Meta-learning framework that supervises model training and automatically intervenes on problems

Project description

Self-Healing Meta-Trainer

A meta-learning framework that supervises model training and automatically intervenes when it detects problems like overfitting, gradient explosion, or catastrophic forgetting.

Installation

# Basic installation
pip install self-healing-trainer

# With PyTorch support
pip install self-healing-trainer[torch]

# With HuggingFace Trainer support
pip install self-healing-trainer[transformers]

# With live dashboard
pip install self-healing-trainer[dashboard]

# Everything
pip install self-healing-trainer[all]

Or install from source:

git clone https://github.com/self-healing-trainer/self-healing-trainer.git
cd self-healing-trainer
pip install -e .

What It Does

The meta-trainer learns HOW to train models by observing training trajectories. It then supervises any training session and takes corrective action:

Problem Detected Action Taken
Overfitting TRUE ROLLBACK - restores model weights
Underfitting Increase learning rate
Gradient Explosion Clip gradients, reduce LR
Catastrophic Forgetting Rollback + reduce LR
Training Plateau Adjust learning rate
NaN/Inf Loss Stop training
Oscillating Loss Reduce learning rate

Key Features

1. TRUE Rollback

Actually restores model weights from in-memory checkpoints - not just a signal.

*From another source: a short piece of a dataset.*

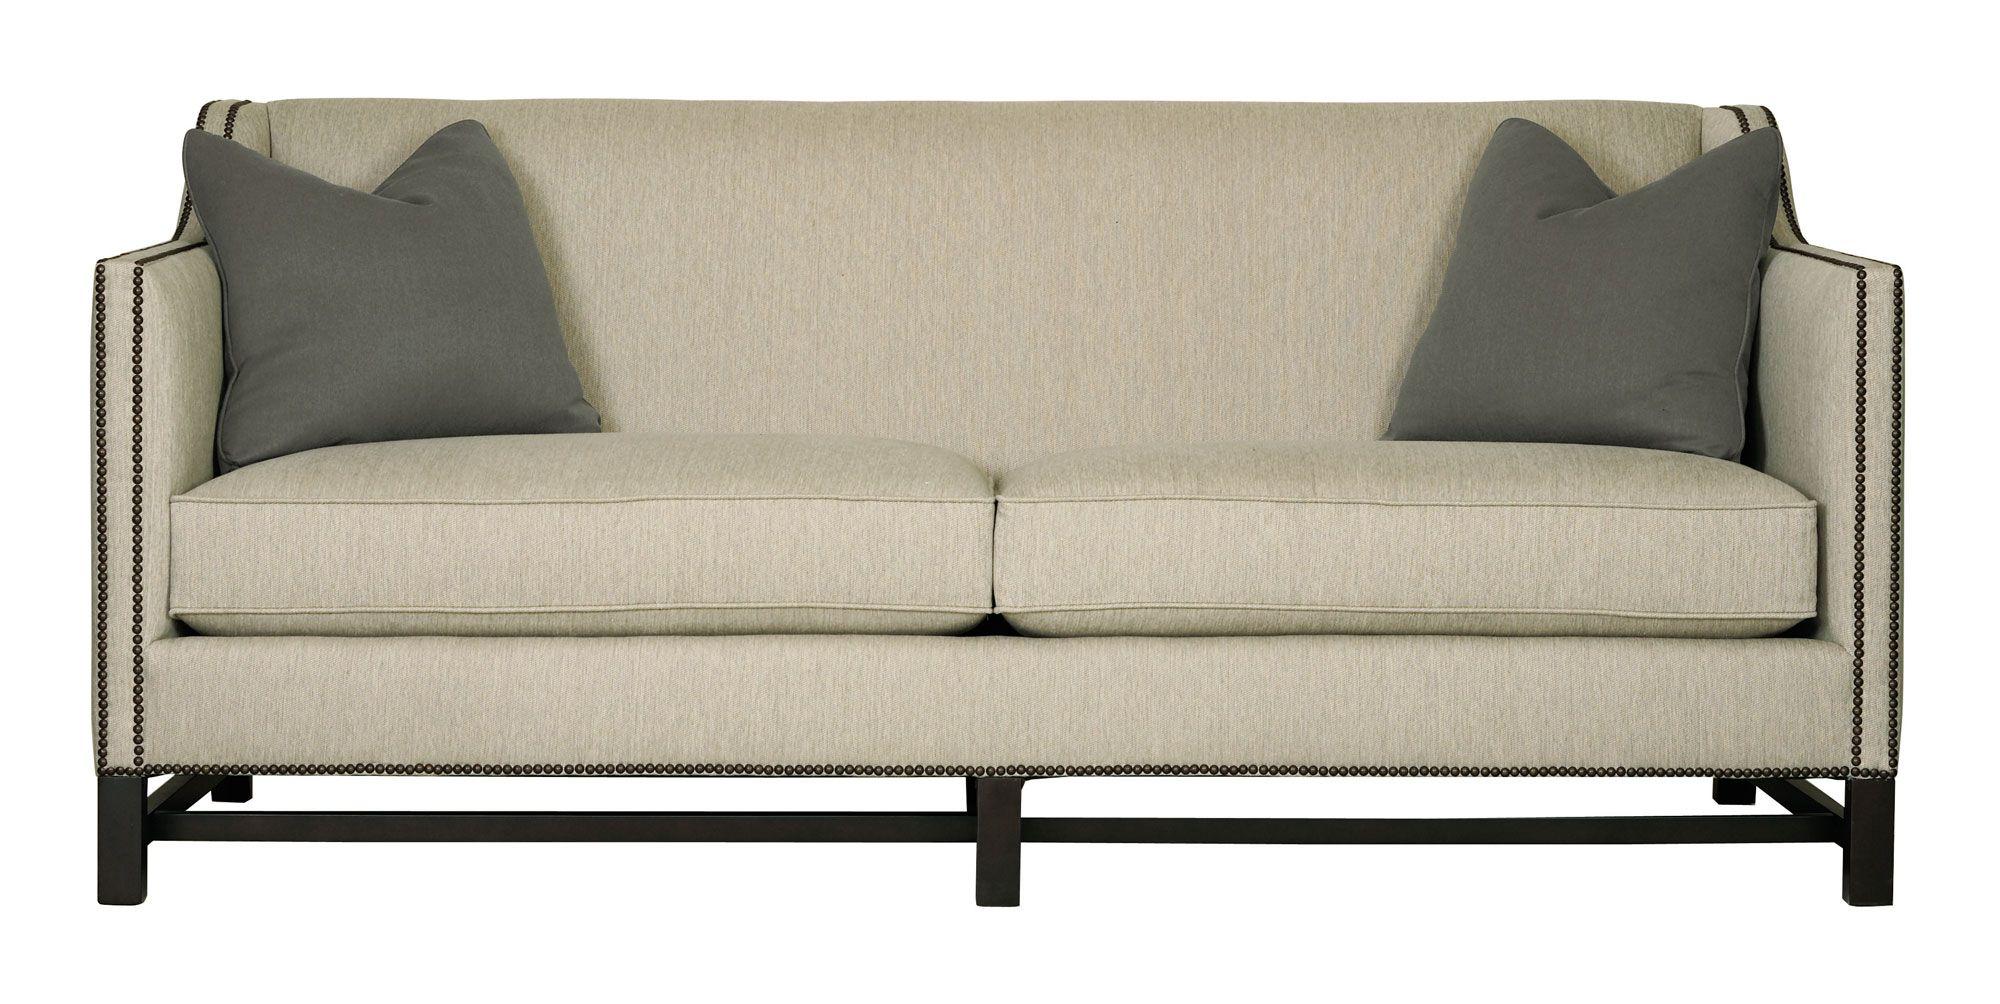 bernhardt sofas short sectional sofa pin by benhar office on furniture living room chatham officedesign interiordesign http

2. Direct Optimizer Control

Directly modifies the optimizer's learning rate, not just recommendations.

3. Online Learning

Meta-trainer improves from each training run - learns from real data, not just synthetic.

4. Live Dashboard

Rich terminal dashboard showing losses, actions, and decisions in real-time.

5. Pip Installable

Install with pip install self-healing-trainer - no sys.path hacks needed.


Quick Start

1. Train the Meta-Trainer (one-time setup)

# CLI
meta-trainer train --output meta_trainer_model.json

# Or from Python
from meta_trainer import MetaTrainer, TrajectoryGenerator

generator = TrajectoryGenerator(seed=42)
trajectories = generator.generate_all_scenarios(variations_per_scenario=5)
meta = MetaTrainer()
meta.learn_from_trajectories(trajectories)
meta.save("meta_trainer_model.json")

2. Use in Your Training

Option A: HuggingFace Trainer (Recommended)

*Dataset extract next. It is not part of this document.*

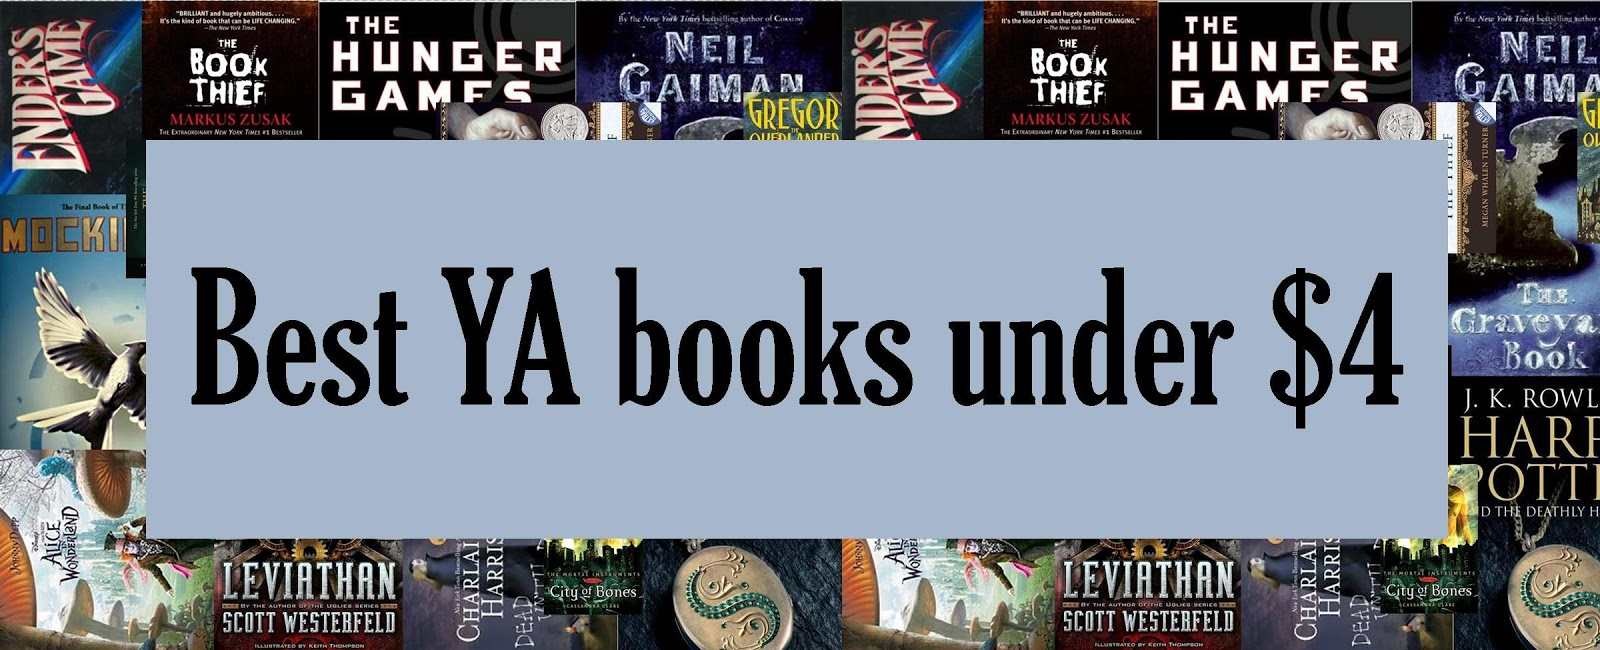 AprilWhiteBooks: Best YA Books Under $4

from callbacks import MetaTrainerCallback
from transformers import Trainer

callback = MetaTrainerCallback(
    meta_trainer_path="meta_trainer_model.json",
    enable_rollback=True,         # TRUE rollback with weight restoration
    enable_lr_adjust=True,        # Direct optimizer LR control
    enable_online_learning=True,  # Learn from this run
    enable_dashboard=True         # Live terminal dashboard
)

trainer = Trainer(
    model=model,
    args=training_args,
    train_dataset=train_dataset,
    callbacks=[callback]
)
trainer.train()

Option B: PyTorch Training Loop

from meta_trainer import MetaTrainer, TrainingState, ActionType

meta = MetaTrainer.load("meta_trainer_model.json")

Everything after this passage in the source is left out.